Descripción de la experiencia. Se vierten 2 ml de una solución de arginina al 0,01% en un tubo de ensayo, luego se añaden 2 ml de una solución de hidróxido de sodio al 10% y unas gotas de una solución alcohólica de α-naftol al 0,2%. Se mezcla bien el contenido del tubo de ensayo, se añaden 0,5 ml de solución de hipobromito y se vuelve a mezclar. Agregue inmediatamente 1 ml de solución de urea al 40% para estabilizar el color rojo anaranjado que se desarrolla rápidamente.

reacción de biuret– utilizado como reacción de color a las proteínas. En ambiente alcalino en presencia de sales de cobre (II), dan un color violeta. El color se debe a la formación de un compuesto complejo de cobre (II) debido al grupo peptídico. -CO-NH-, que es característico de las proteínas. Esta reacción debe su nombre a un derivado de la urea, el biuret, que se forma cuando la urea se calienta con la eliminación del amoníaco:

Además de las proteínas y el biuret, la misma coloración la dan otros compuestos que contienen este grupo: amidas, imidas de ácidos carboxílicos, así como compuestos que contienen los grupos -CS-NH- o =CH-NH- en la molécula.

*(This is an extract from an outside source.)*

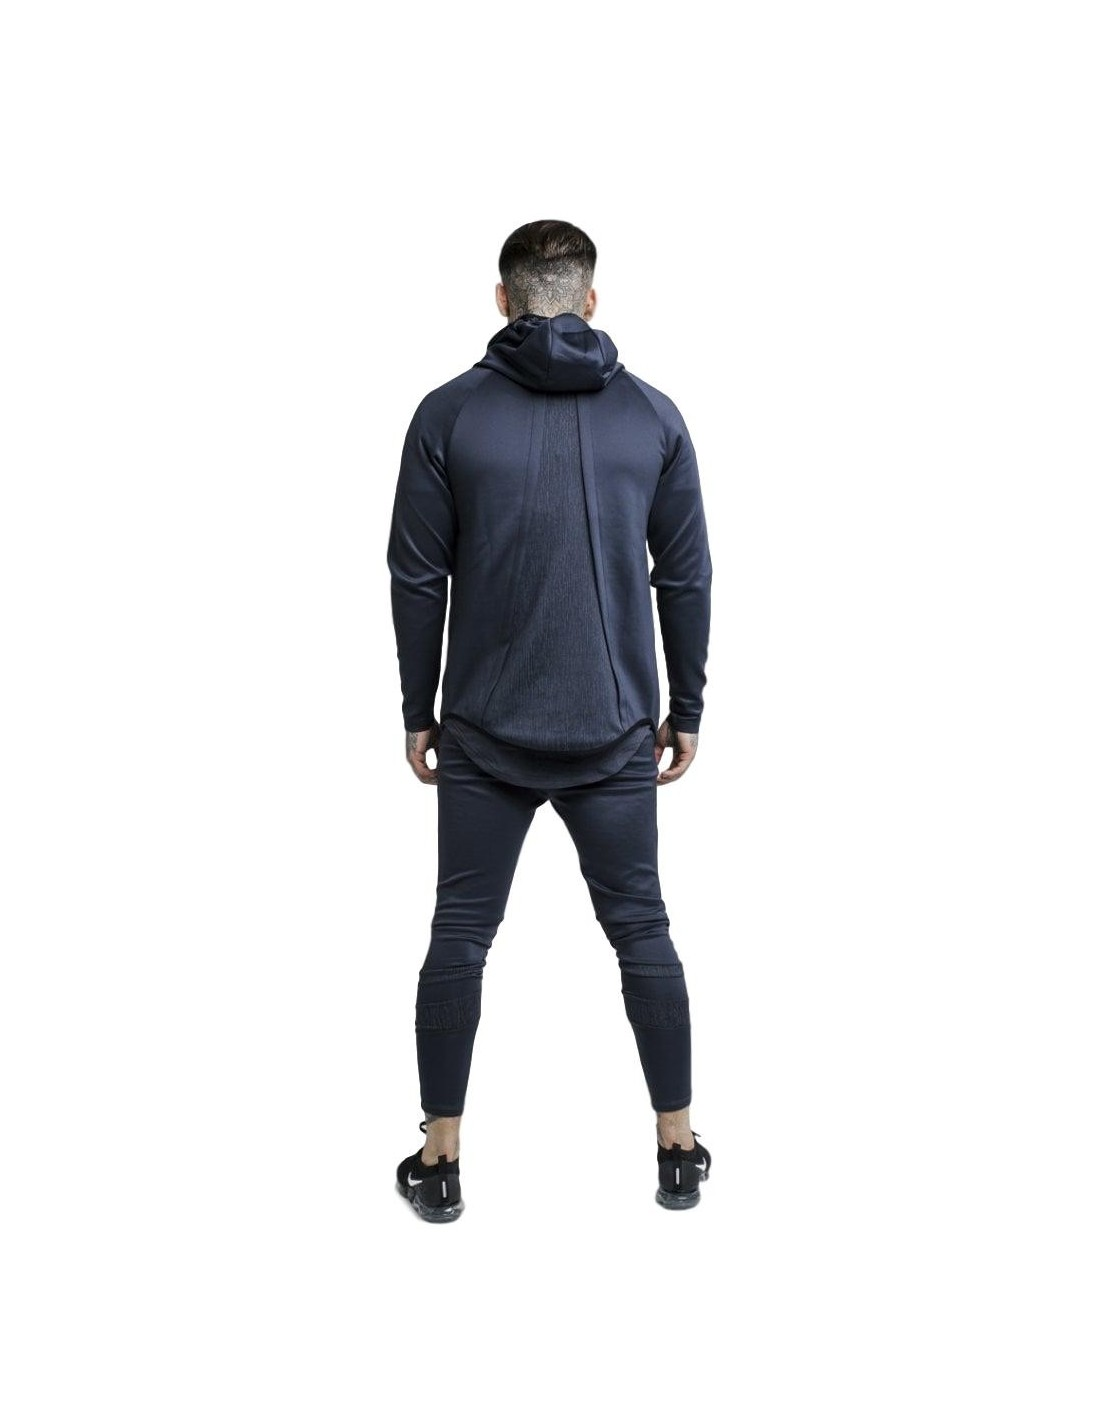 Sweatshirt SikSilk Hoodie With Sprint To Urban Green

También reaccionan proteínas, algunos aminoácidos, péptidos, biuret y peptonas medias.

El color del complejo obtenido mediante la reacción de biuret con varios péptidos es algo diferente y depende de la longitud de la cadena peptídica. Los péptidos con una longitud de cadena de cuatro residuos de aminoácidos y más forman un complejo rojo, tripéptidos, violeta y dipéptidos, azules.

forma cetona del polipéptido

forma enol del polipéptido

Cuando un polipéptido interactúa con Cu (OH) 2, se forma un complejo, cuya estructura se puede mostrar de la siguiente manera.